I rebuilt almost the entire engine. It is much cleaner, less code, better organized. No copy-paste code. The same routine handles all chunk generation and scheduling. Multithreading works a lot better now - rather than redundantly processing chunk edges, it synchronizes the chunk processing. Noncoindentially, I seemed to have completely eliminated the crashes I encountered every so often. (Word to the wise: do not try and use C++ vectors inside a thread, even if each one is exclusive to its own thread.) I also implemented better mipmap generation and handling. Overall, rendering performance is up 2-10 times faster depending on settings, and chunk generation is (as promised!) over 100 times faster, although there is still much room for improvement (particularly in terms of choosing visible chunks to render). But for now, I am very happy with performance and probably won't optimize it much more for the time being.

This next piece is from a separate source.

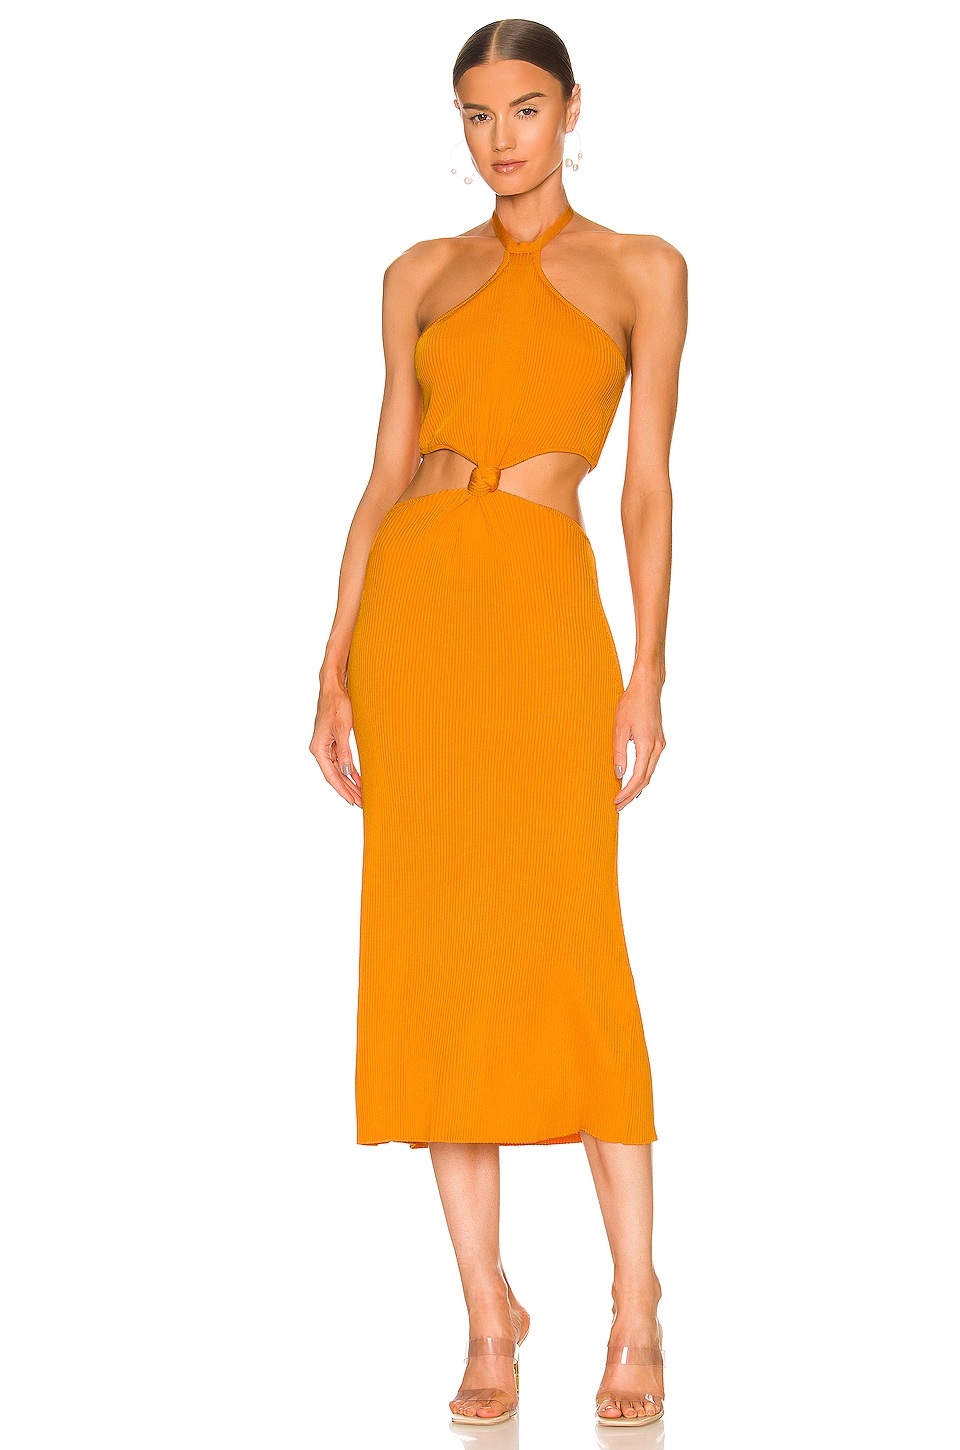 Cameron Knit Dress in Tangerine. Revolve Women Clothing Dresses Knitted Dresses 
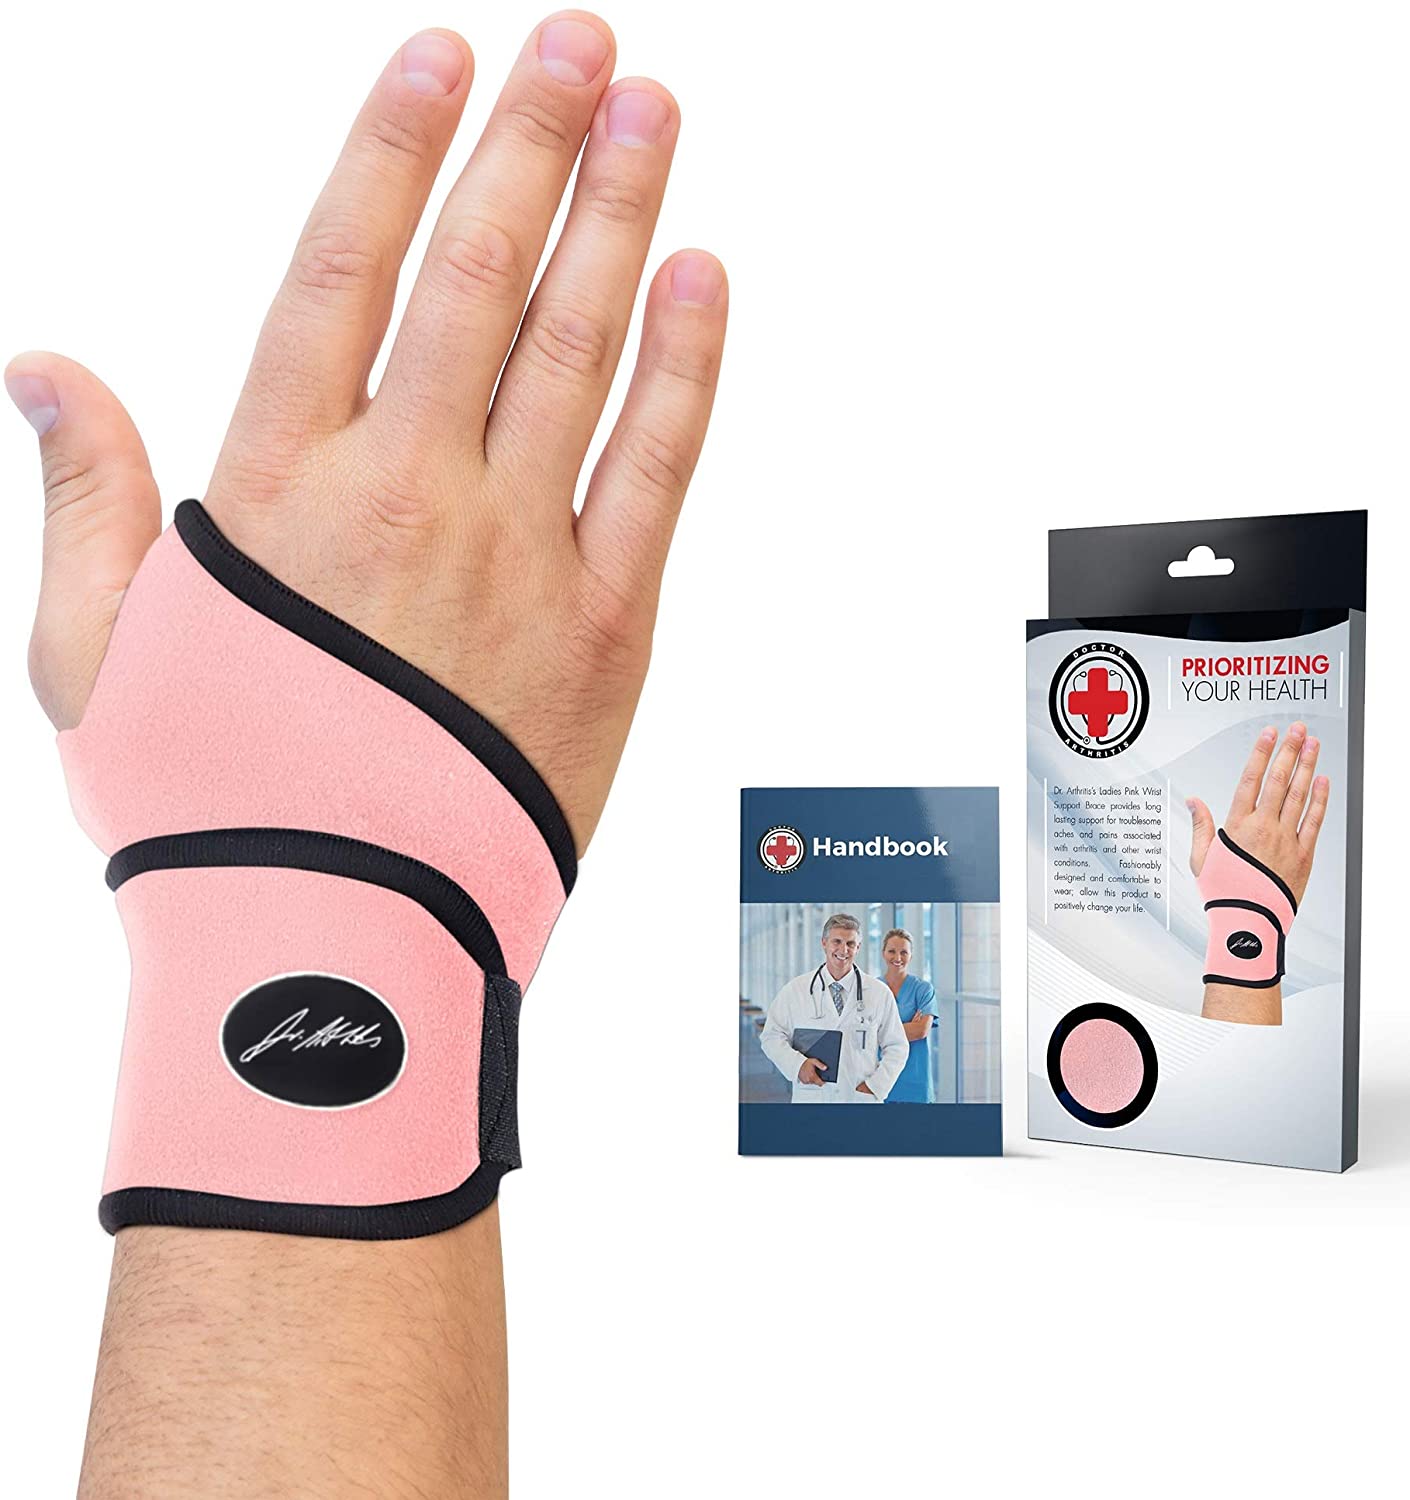 Doctor Developed Premium Ladies Wrist Support/Wrist Strap/Wrist Brace/Hand Support [Single] & DOCTOR WRITTEN HANDBOOK- RELIEF for Wrist Injuries, Arthritis, Sprains & More (Pink) - e4cents

I wrote my own GUI and text-render from the ground up. It can render without shader state changes, meaning it can all be compiled into a single display list. It is generated almost entirely on the GPU (text is read from a bitmap though). It uses uniform spacing and character widths, intentionally (all part of the old-school look :D). Still in the early stages but here is a screen shot (characters have backgrounds just for the hell of it, but can easily be disabled).
Overall, I am very happy with the progress made, the engine feels much cleaner, faster, and stable.